Casa Mann Borgese

The Mann-Borgese house is an elegant residence located in via T. Mann number 4 at the corner with via Donatello, in the Imperial Rome district in Forte dei Marmi.

Leonardo Ricci was already quite well known when he designed, in 1957, the house in Forte dei Marmi for Elisabeth Mann Borgese, daughter of the well-known German writer and wife of Giuseppe Antonio Borgese. The client was so enthusiastic that she dedicated a presentation to it in L’architettura cronache e storia of 1959 in which, comparing the house to a “liner ready to set sail for the mountains” (the Apuan Alps), she expresses full appreciation for the aggressiveness ” virile” of the dynamic system and the material contrast, – moreover typical of Ricci’s language – between reinforced concrete, glass and rough stones of Carrara marble.

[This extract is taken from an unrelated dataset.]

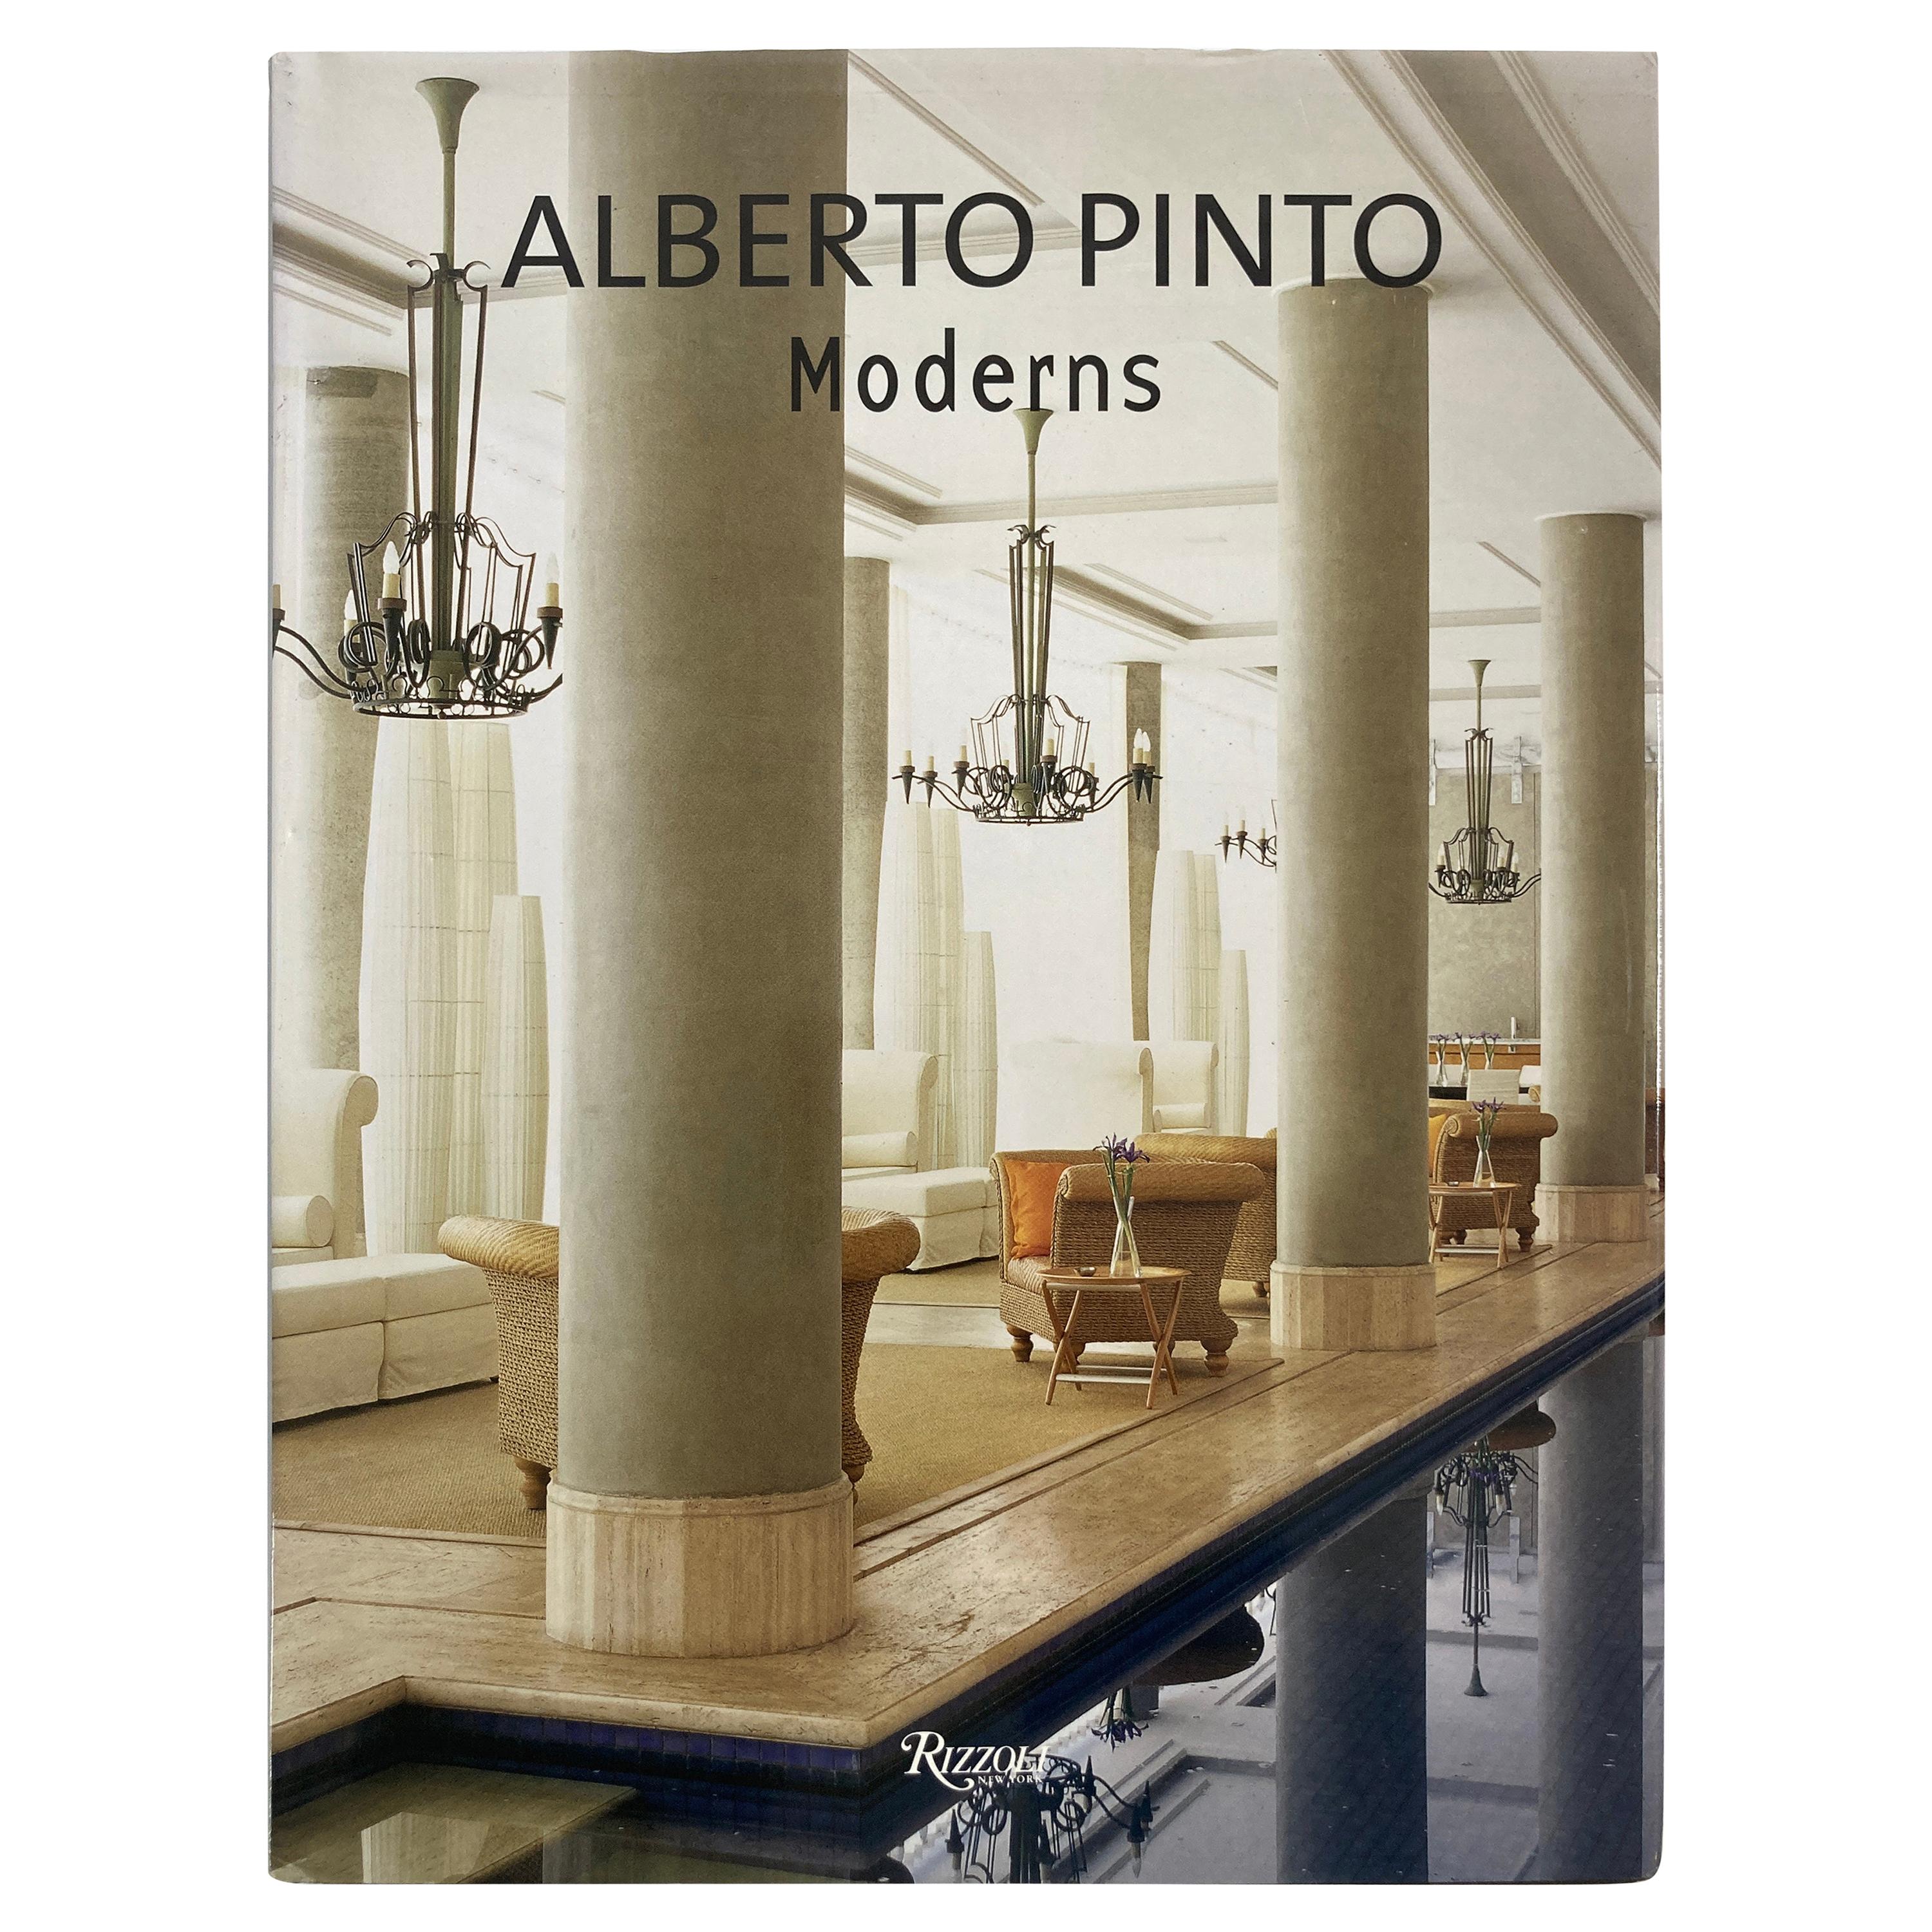 Alberto Pinto Moderns Coffee Table Book
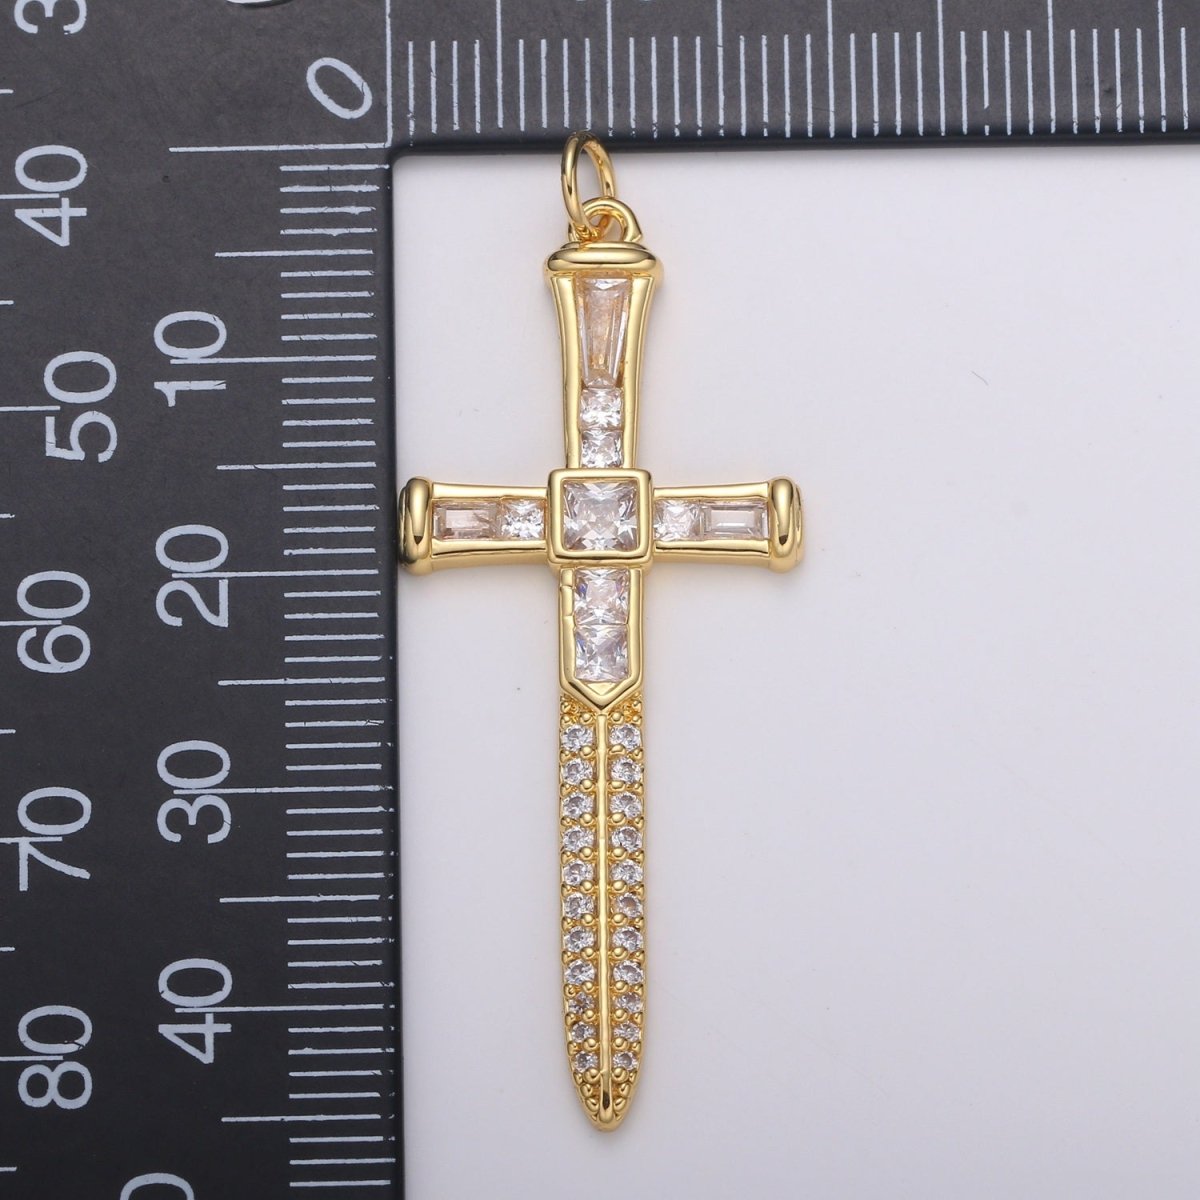 Baguette Cubic Cross Pendant, CZ Sword Pendant, Earrings pendant, Bracelet Charm, Necklace Pendant, 24k Gold Jewelry E-212 - DLUXCA

Located in the hinterland of Forte dei Marmi, not far from the sea, the house relates organically to the site on the basis of a double principle – integration and externalization – inherent in the architect’s design logic but resolved here in the most efficient way also from the point of view expressive, as will occur in the case of the later Balmain house on the Island of Elba, with a completely different layout.

While the first double-fan plan makes optimal use of the panoramic views towards the mountains and towards the Tyrrhenian coast, the body of the building is both ‘free’ and ‘anchored’ to the ground. In fact, the house rests like a bridge on sturdy ‘shoe-shaped’ buttresses, typically Ricci, made of marble stones (rejects from the Carrara quarries) precisely to effectively denounce the anchorage to the ground.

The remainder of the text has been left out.